🤖 AI Summary
This work addresses key challenges in the paradigm shift from offline to real-time interactive video understanding—namely, continuous perception, dynamic answer refinement, and timely silence—by proposing a dual-channel non-blocking architecture. The design leverages cross-attention mechanisms to decouple and fuse visual and linguistic modalities, with visual features fed through a side channel to enable parallel perception and generation. Combined with synthetically generated dense captioning data and a tailored fine-tuning strategy, the model achieves approximately a 5× reduction in first-token latency and a 2.7× increase in decoding throughput, while preserving near-parity with offline performance. Moreover, it demonstrates robustness on spatiotemporally fine-grained reasoning tasks.
📝 Abstract
Video understanding is shifting from the offline paradigm -- taking a fully recorded video as input and producing a single answer after it ends -- toward real-time interaction, in which the model perceives new frames while still replying, revises its answer as new evidence appears, and remains silent when there is nothing to say. We present MOSS-Video-Preview to validate this paradigm. Our central claim is that perception must not be blocked by generation; its natural realization is a two-channel architecture. We argue that a cross-attention backbone is better suited to real-time vision-language fusion than the prevailing decoder-only design: visual features enter through a side channel rather than joining the autoregressive sequence, so perception and generation run on separate, non-blocking pathways -- reducing the frequency of visual processing and exposing a clean channel-wise interface for independent compression.
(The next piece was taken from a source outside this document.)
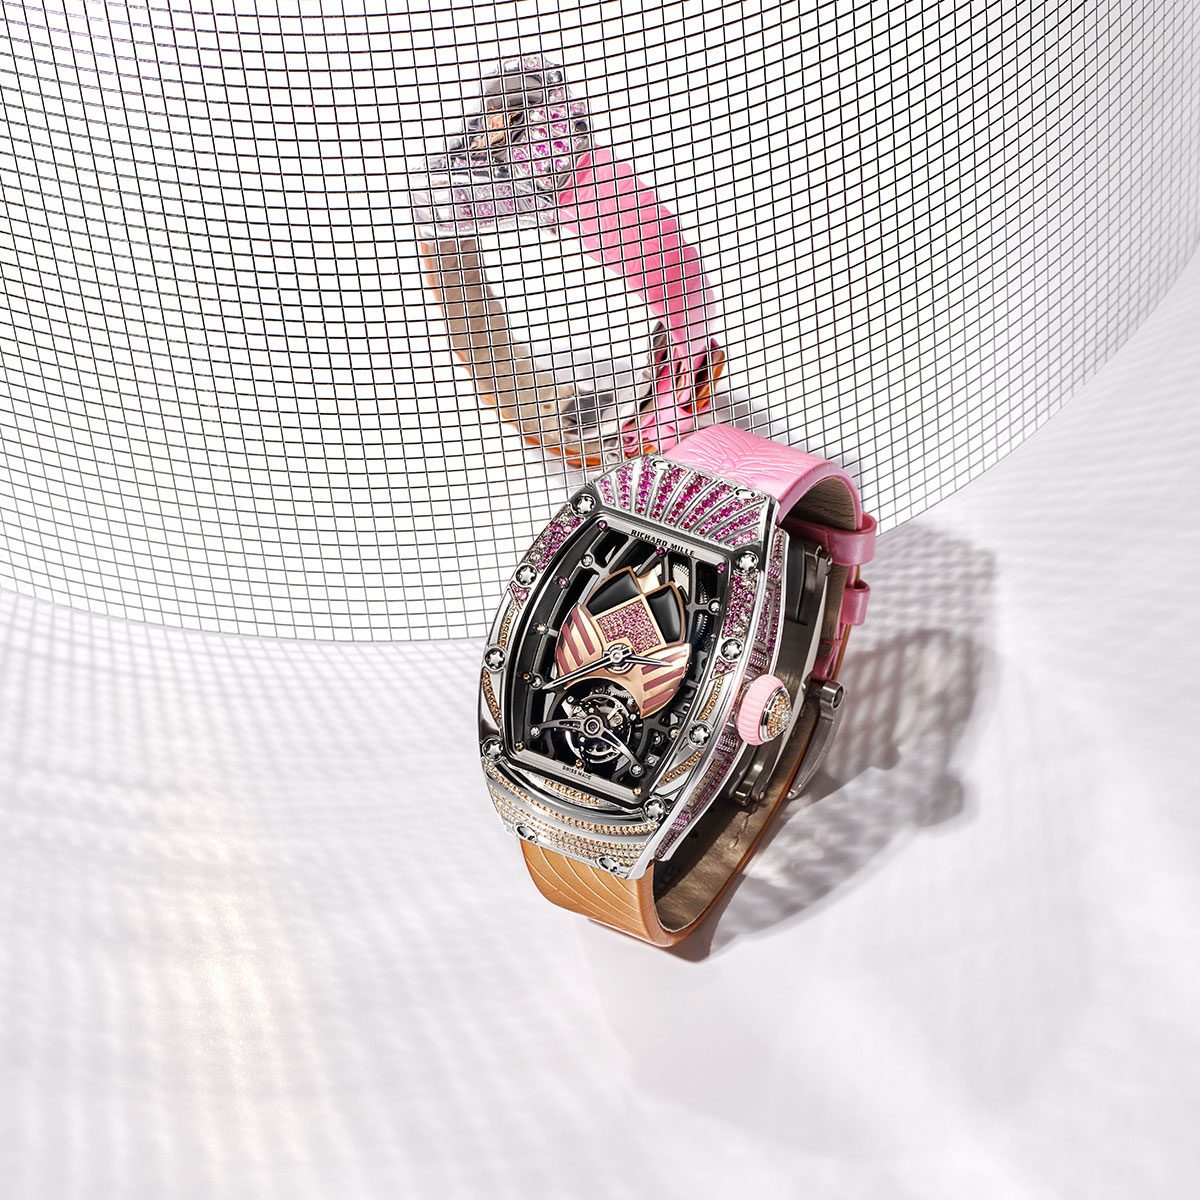 Đồng hồ RM 71-02 Automatic Tourbillon Talisman: Chiếc bùa may mắn sắc cầu vồng từ Richard Mille

We complement this with a data synthesis pipeline that converts dense captions into real-time understanding QA whose answers are revised to match what the model has perceived so far, and we specialize an offline model on these data to elicit real-time behavior. Our model trails the strong Qwen2.5-VL-7B baseline overall -- a gap we attribute primarily to data and scale rather than the architecture -- yet attains competitive offline video and multimodal understanding, remains robust on the spatial and fine-grained temporal reasoning central to real-time use, and acquires behaviors that offline models lack: continuous perception, answer revision, and timely silence. On a single H200 with 256 frames per video, it achieves about a 5x speedup in time to first token and 2.7x higher decoding throughput, with negligible degradation in offline ability. Our study of paradigm, architecture, and data outlines a viable path toward real-time video understanding.